Personal information
- Born: 14 February 1829 Berlin, Kingdom of Prussia
- Died: 13 April 1893 (aged 64) Berlin, Kingdom of Prussia

Chess career
- Country: Germany

= Jean Dufresne =

German chess player and chess composer (1829–1893)

Jean Dufresne (14 February 1829 – 13 April 1893) was a German chess player and chess composer. He was a student of Adolf Anderssen, to whom he lost the "Evergreen game" in 1852.

==Life==
Dufresne was born and died in Berlin. The son of a wealthy Jewish businessman, he attended law school but was forced to abandon his studies when his father ran into financial difficulties. He subsequently became a journalist.

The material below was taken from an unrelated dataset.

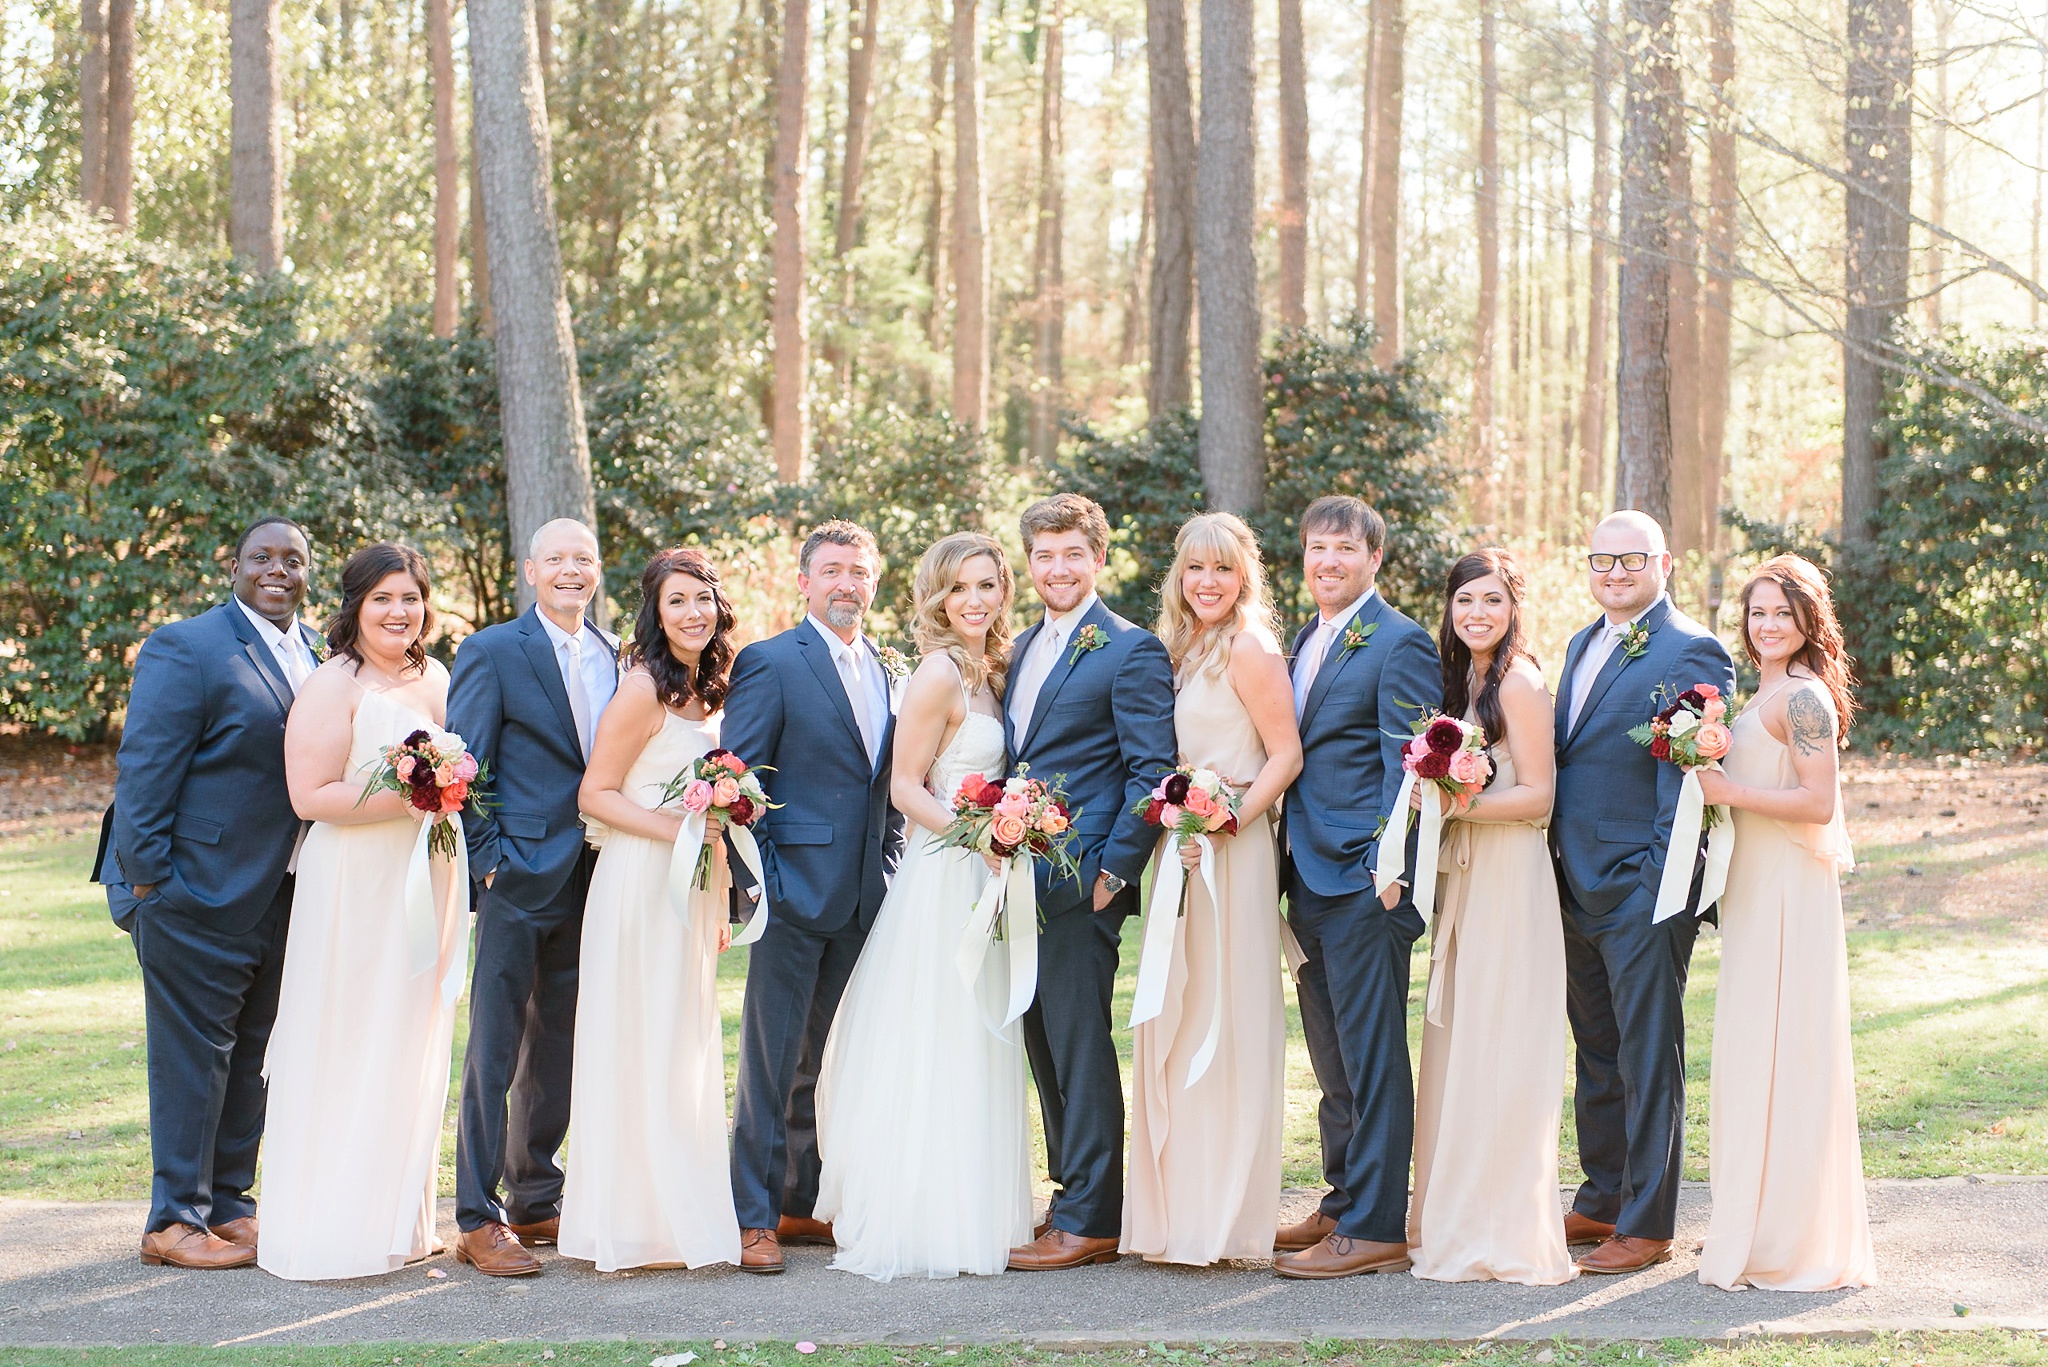 Aldridge Gardens Spring Wedding | Birmingham Alabama Wedding Photographers_0045.jpg
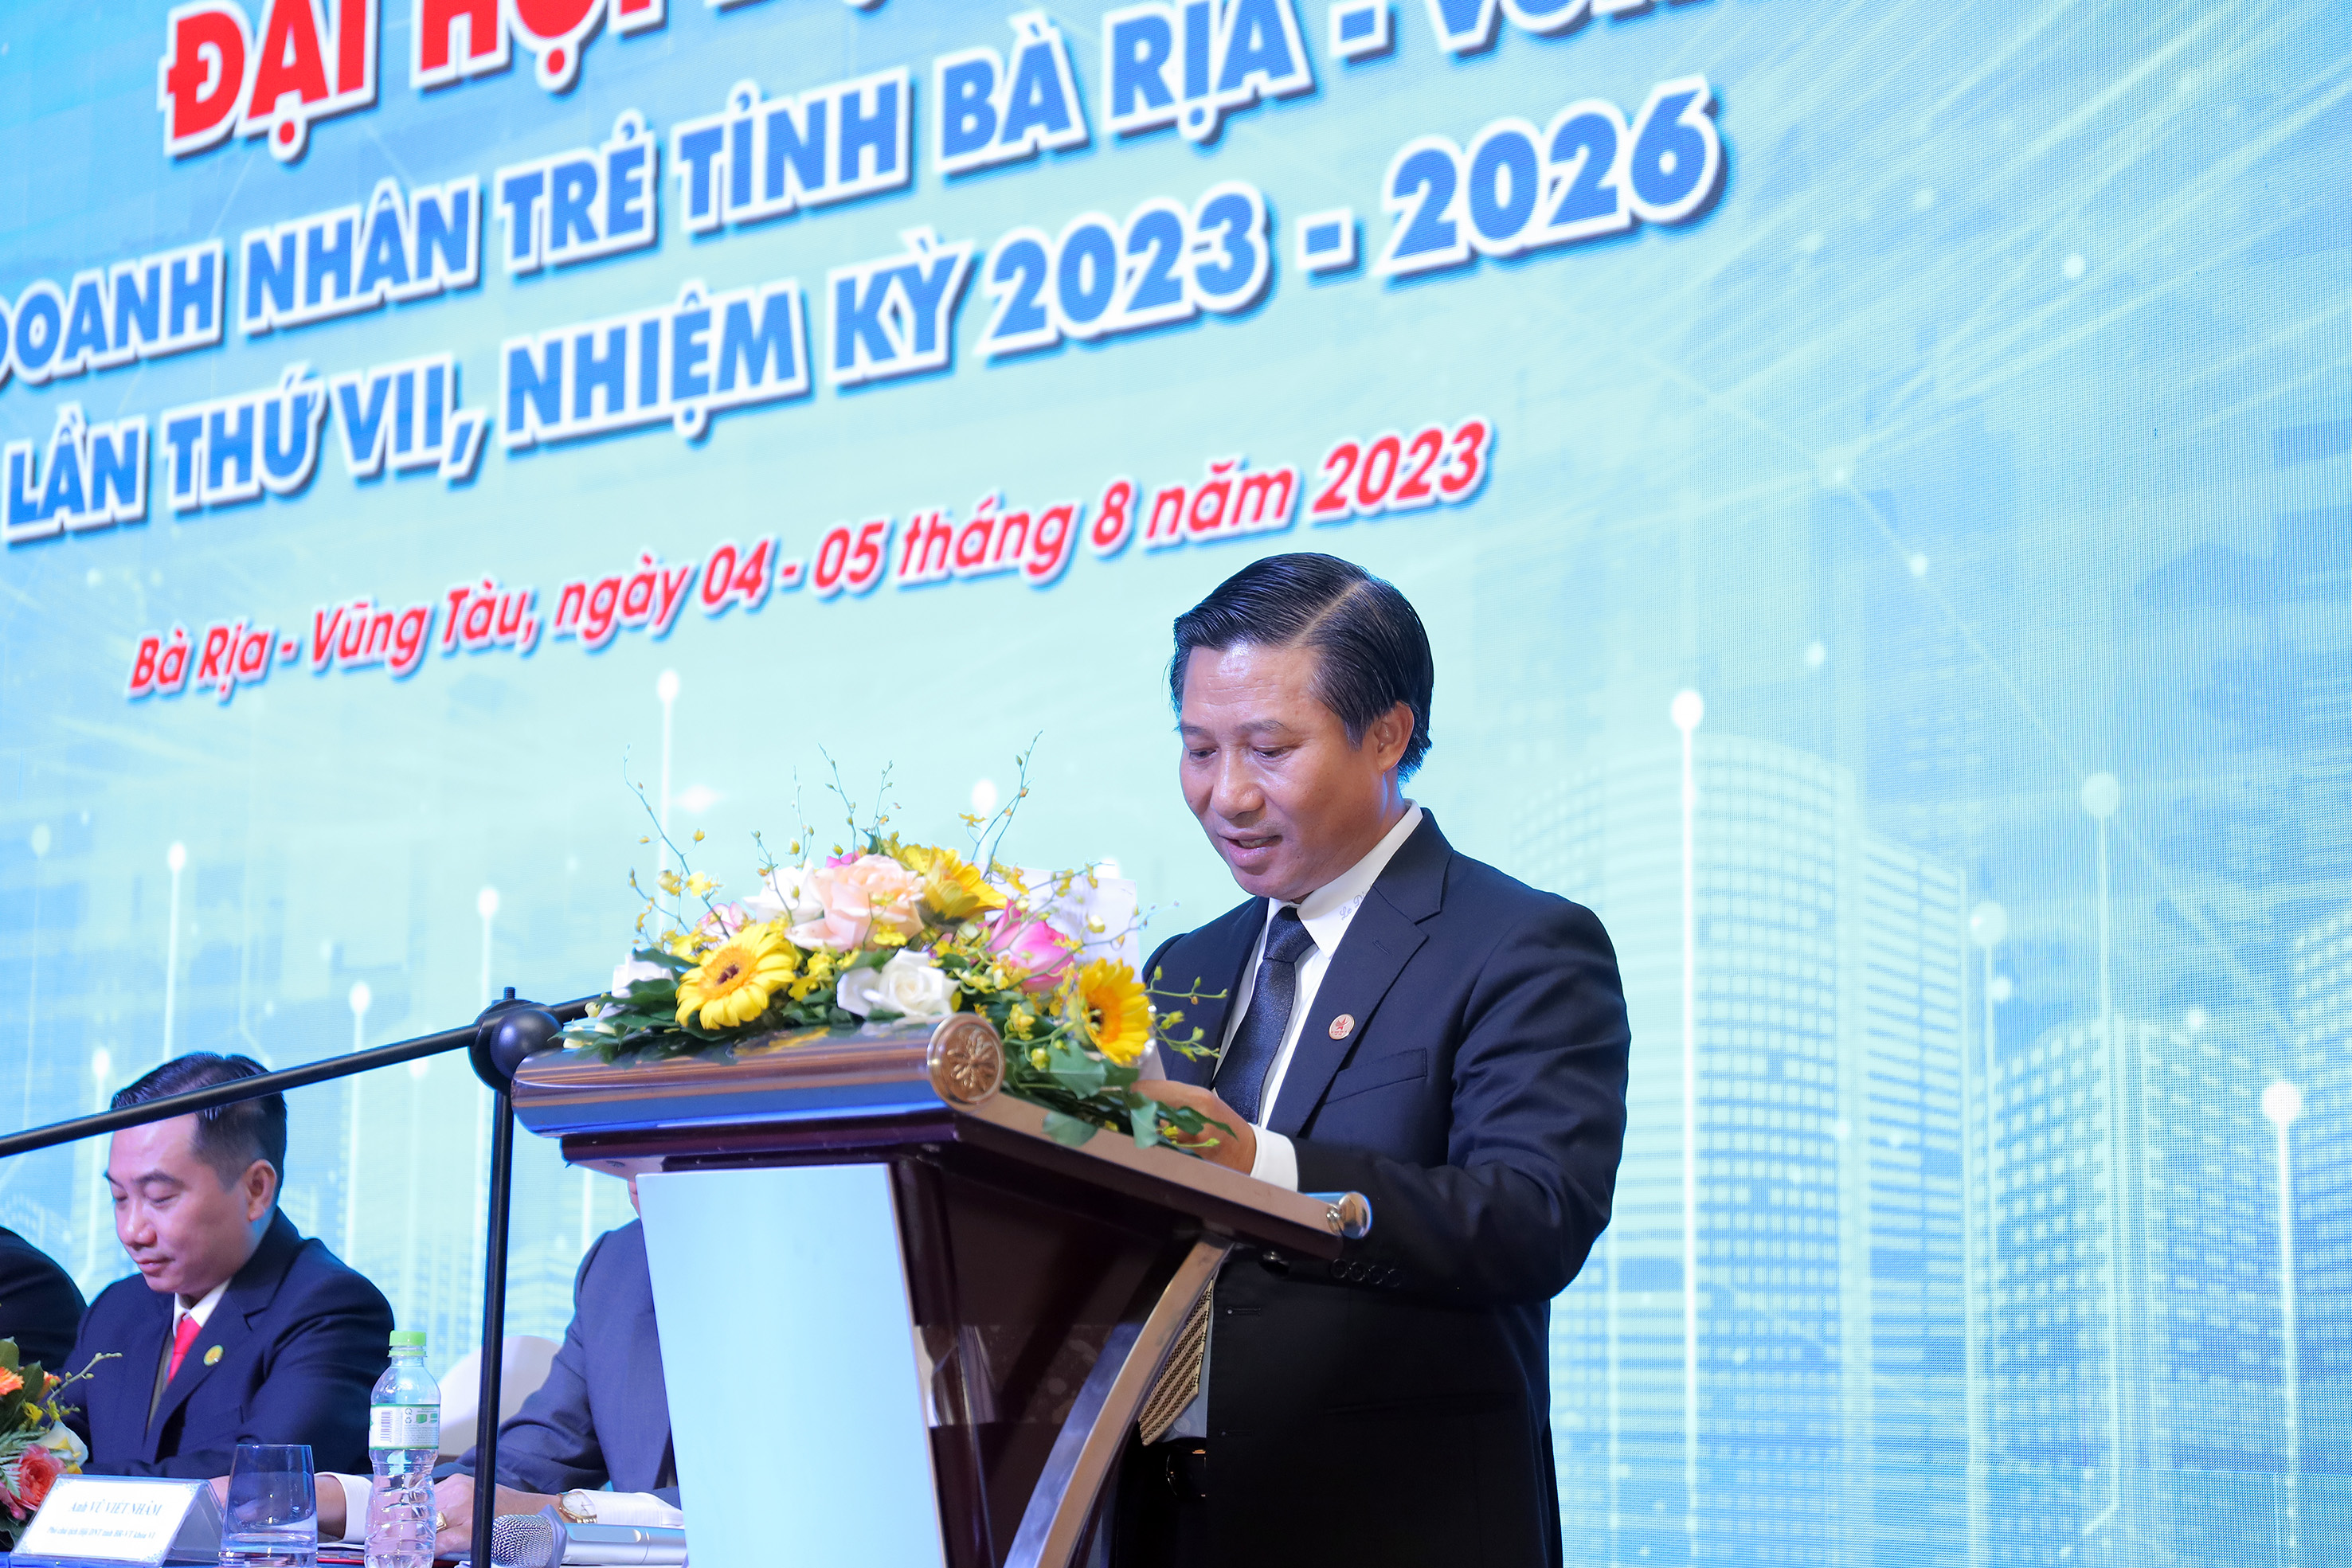 Ông Lê Đình Thắng, Chủ tịch Hội doanh nhân trẻ tỉnh Bà Rịa - Vũng Tàu, Chủ tịch HĐQT Công ty cổ phần Xây Dựng DIC Holdings phát biểu tại phiên trù bị Đại hội.

Dufresne was an unsuccessful novelist under the anagrammatic pseudonym E. S. Freund, but wrote several chess books, one of which, Kleines Lehrbuch des Schachspiels (1881, known in Germany as Der Kleine Dufresne) ran to many editions and taught several generations of players. In a letter to Paul Dirac at the end of 1929, Werner Heisenberg deemed Dufresne's handbook "the best book about theory of Chess". He also wrote a popular book on Paul Morphy.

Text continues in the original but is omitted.